Global Daily – Fed doves show preferences

by: Maritza Cabezas , Arjen van Dijkhuizen , Aline Schuiling

Global-Daily-Insight-15-October-2015.pdf (58 KB)
  • Fed doves set scene for rate hike in 2016, while US consumers hold back in September
  • China trade data remain weak in annual terms, but monthly trade figures point to stabilisation/recovery
  • Eurozone industrial sector slows down





Fed doves set scene for rate hike in 2016

The uncertainty around the Fed rate hike is increasing. This week, two Fed board governors signaled their reservations for a rate hike this year, challenging Chair Yellen who had mentioned earlier that a rate hike this year was likely. Mr. Tarullo said that right now he didn’t expect it was appropriate to raise rates. Meanwhile, Ms. Brainard indicated that ‘the risks to the near term outlook for inflation appear to be tilted to the downside…’. On Sunday, Vice Chair Stanley Fischer showed a cautious tone, indicating that ‘…more time is needed to appraise recent developments in the global economy before beginning normalization of interest rates’. The influential President of the New York Fed, Bill Dudley, a voting member, will speak today about monetary policy. The tone of FOMC participants in upcoming interventions will be critical to assess any shifts on the timing of the first rate hike.


US consumers hold back in September

September’s US retail sales were below expectations. Retail sales increased by 0.1% after being flat the previous month. Meanwhile, core retail sales, which are more closely related to the consumer spending component of GDP declined by 0.1% after rising 0.2% in August. On the positive side, discretionary spending, including hobbies, restaurants and clothing remained strong though. We think that despite this soft report, that consumption growth will continue to have a favourable trajectory, mainly on the back of low gasoline prices and higher disposable income.


China trade data weak in annual, but less so in monthly terms

Last Tuesday, Chinese annual trade data looked weak. The contraction of imports deepened to -20.4% yoy in September (August: -13.8%), below market expectations. Exports contracted for the third month in a row (-3.7% yoy), but less than in previous months (July: -5.5%). However, if we look at monthly trade patterns, the emerging picture is less dark. Chinese imports fell sharply in January and February, but recovered in March (with volatility also reflecting the timing of the Chinese New Year) and have been quite stable since. It is clear that the sharp drop in early 2015 is still affecting the year-on-year numbers. This pattern is more or less valid for various trade partners, including the US, EU and Asia. Exports have even showed monthly gains since April. Meanwhile, Chinese inflation data show that there is further room for stimulus, in our view. After rising to a 12-month high of 2% yoy in August, headline inflation fell again to 1.6% yoy on the back of lower food price inflation.


Eurozone industrial production declines …

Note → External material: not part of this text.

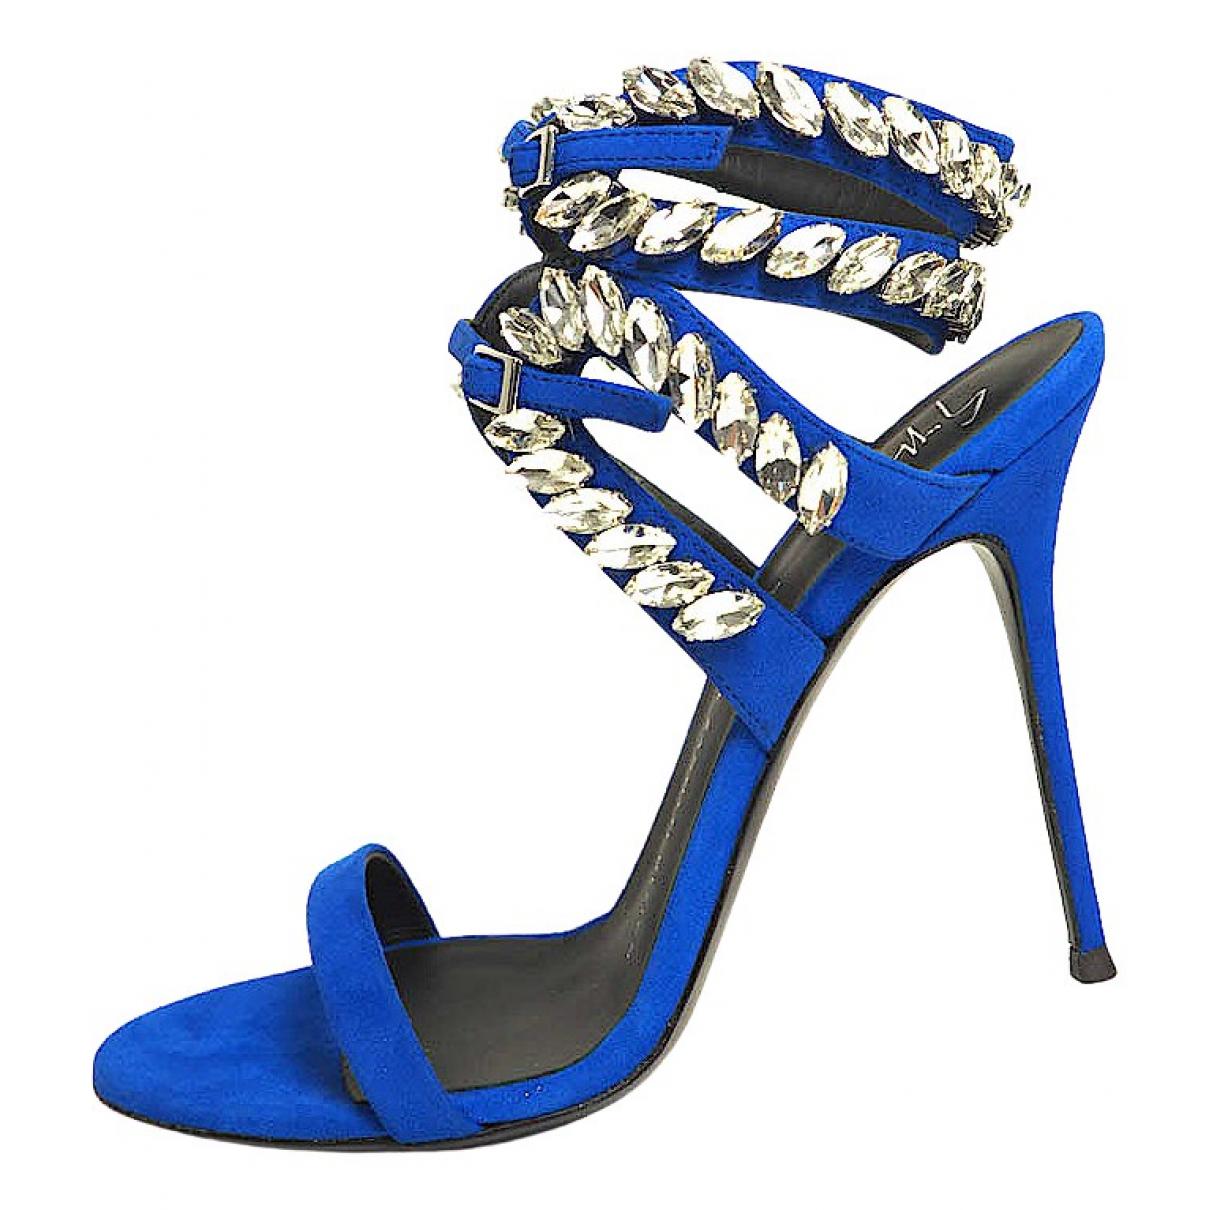 Giuseppe Zanotti - Sandales   pour femme en cuir - bleu

Industrial production in the eurozone declined in August. It fell by 0.5% mom in August, down from a 0.8% rise in July (revised higher from 0.6%). Compared to a year ago, total production increased by 0.9% (down from 1.7% in July). Despite this slowdown in overall growth, there was a marked rise in growth in production of capital goods (to 2.8% yoy from 1.7% in July) and durable consumer goods (to 4.5% from 1.6%), which underlines that domestic demand in the eurozone and its main export markets (the US and the UK) is expanding robustly.


… but overall GDP growth should be more resilient

Looking ahead, we think that the slowdown in China and emerging markets more generally will continue to weigh on the eurozone’s industrial sector. Moreover, the positive impact of the depreciation of the trade-weighted exchange rate of the euro in the first half of this year seems to be waning. Having said that, we expect the slowdown in overall GDP growth to remain limited, as domestic demand should be more resilient, as it is being supported by low interest rates, easing bank lending standards and a gradual labour market recovery.